Cross-Layer Design for Secure and Resilient Cyber-Physical Systems


Book Description

This book introduces a cross-layer design to achieve security and resilience for CPSs (Cyber-Physical Systems). The authors interconnect various technical tools and methods to capture the different properties between cyber and physical layers. Part II of this book bridges the gap between cryptography and control-theoretic tools. It develops a bespoke crypto-control framework to address security and resiliency in control and estimation problems where the outsourcing of computations is possible. Part III of this book bridges the gap between game theory and control theory and develops interdependent impact-aware security defense strategies and cyber-aware resilient control strategies. With the rapid development of smart cities, there is a growing need to integrate the physical systems, ranging from large-scale infrastructures to small embedded systems, with networked communications. The integration of the physical and cyber systems forms Cyber-Physical Systems (CPSs), enabling the use of digital information and control technologies to improve the monitoring, operation, and planning of the systems. Despite these advantages, they are vulnerable to cyber-physical attacks, which aim to damage the physical layer through the cyber network. This book also uses case studies from autonomous systems, communication-based train control systems, cyber manufacturing, and robotic systems to illustrate the proposed methodologies.

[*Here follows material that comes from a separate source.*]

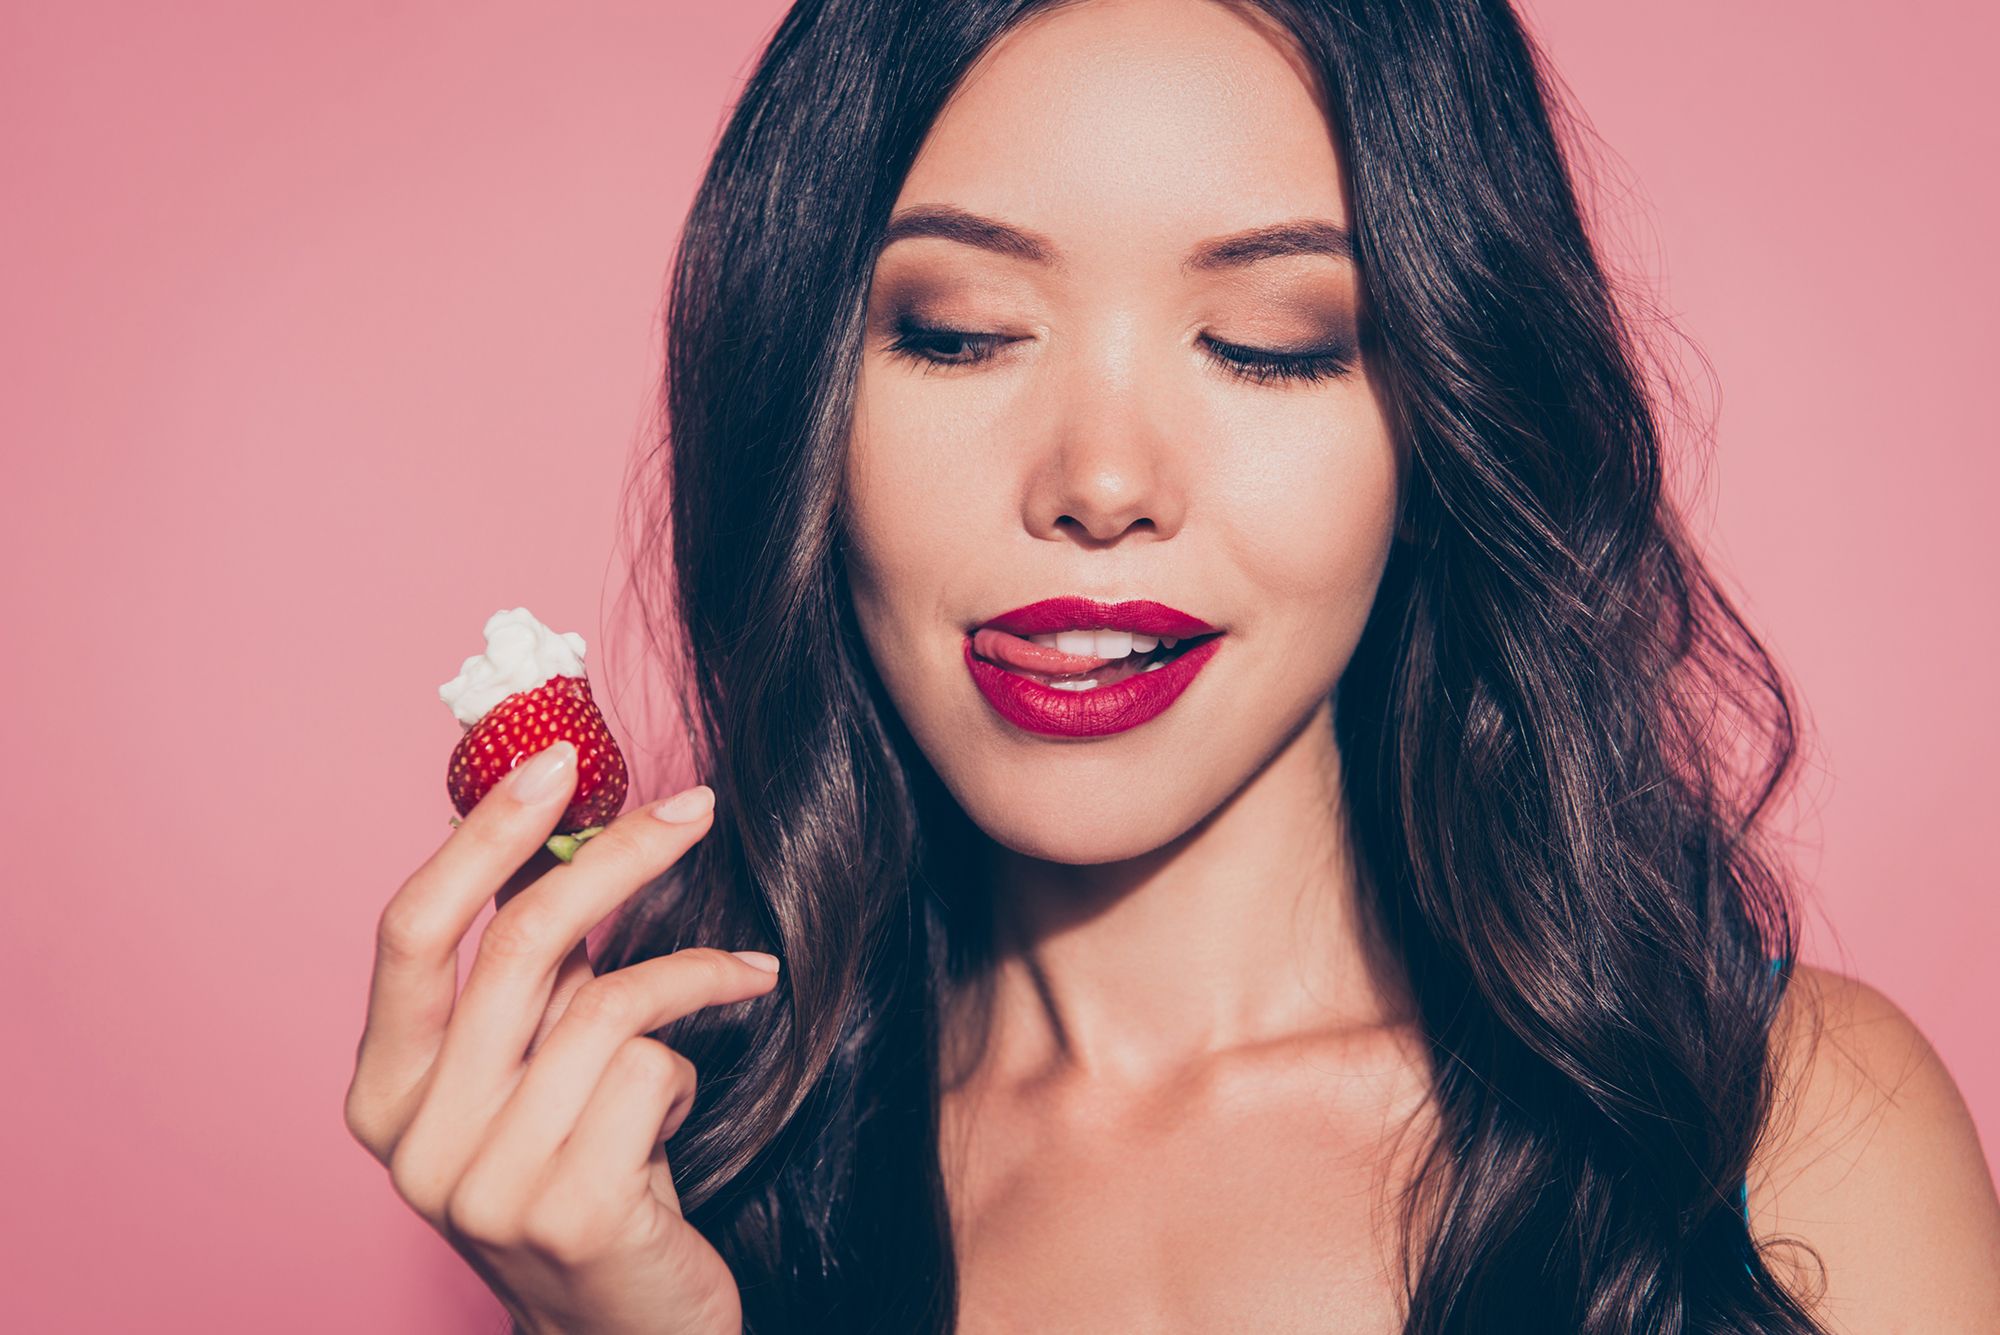 Frau hält eine Erdbeere in der Hand und leckt sich die Lippen
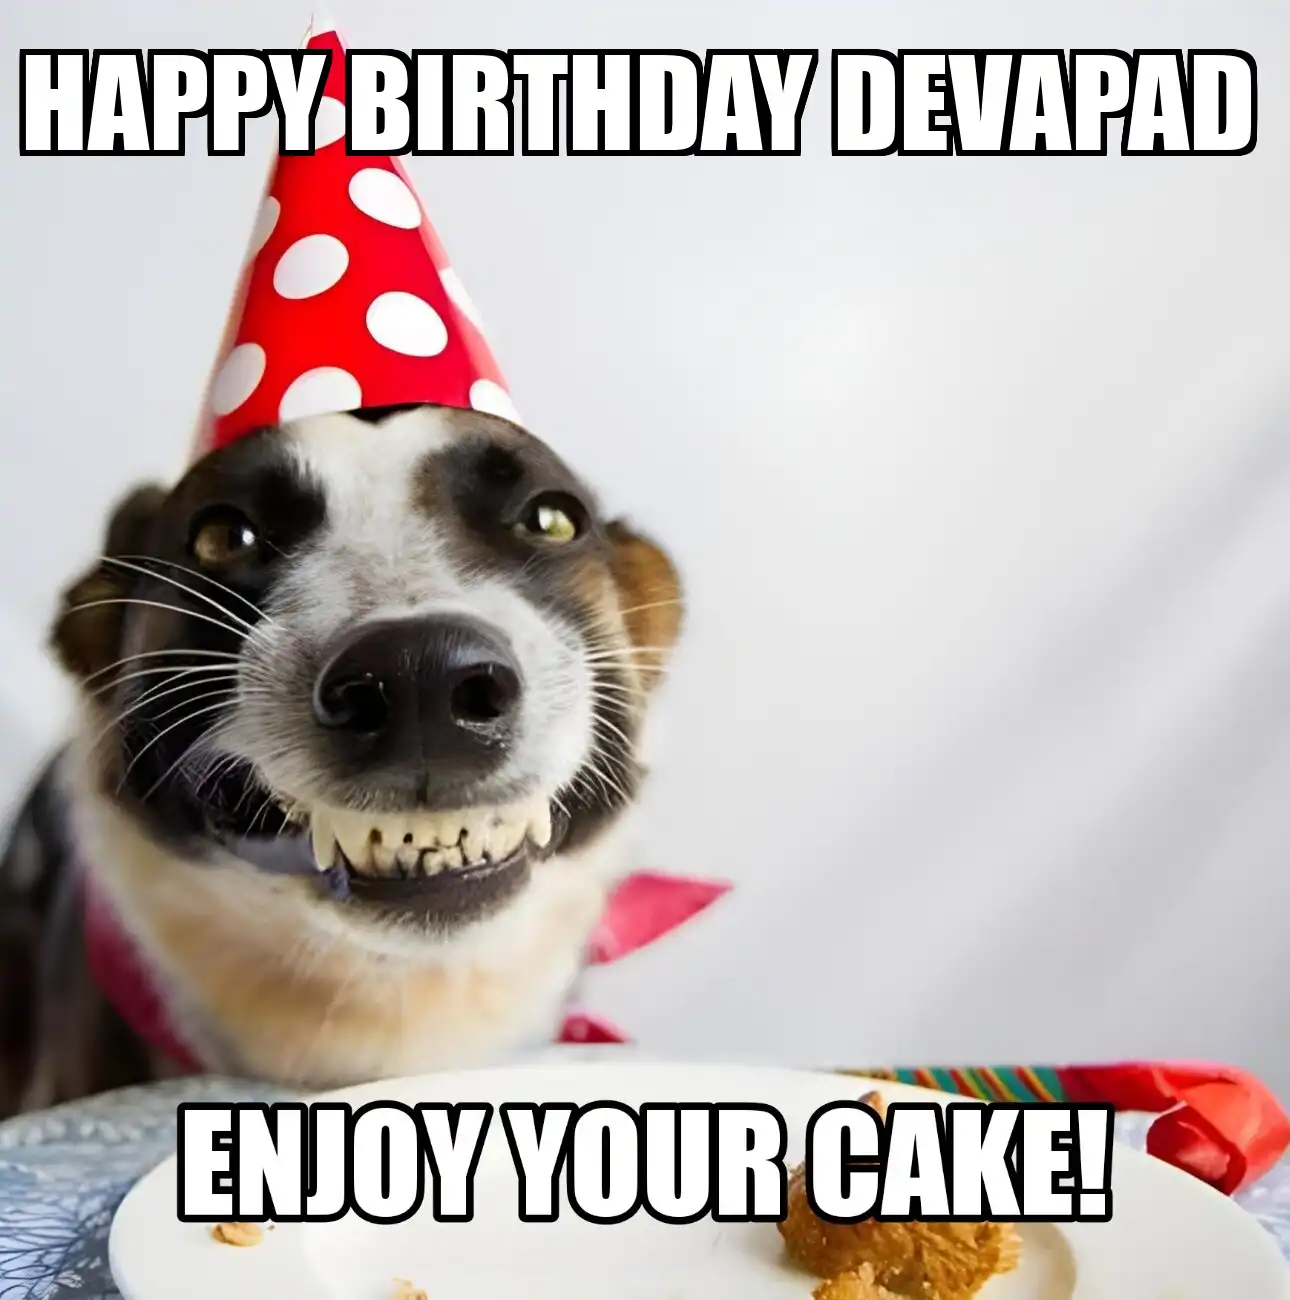 Happy Birthday DevaPad Enjoy Your Cake Dog Meme

These case studies aim to motivate readers to adopt a cross-layer system perspective toward security and resilience issues of large and complex systems and develop domain-specific solutions to address CPS challenges. A comprehensive suite of solutions to a broad range of technical challenges in secure and resilient control systems are described in this book (many of the findings in this book are useful to anyone working in cybersecurity). Researchers, professors, and advanced-level students working in computer science and engineering will find this book useful as a reference or secondary text. Industry professionals and military workers interested in cybersecurity will also want to purchase this book.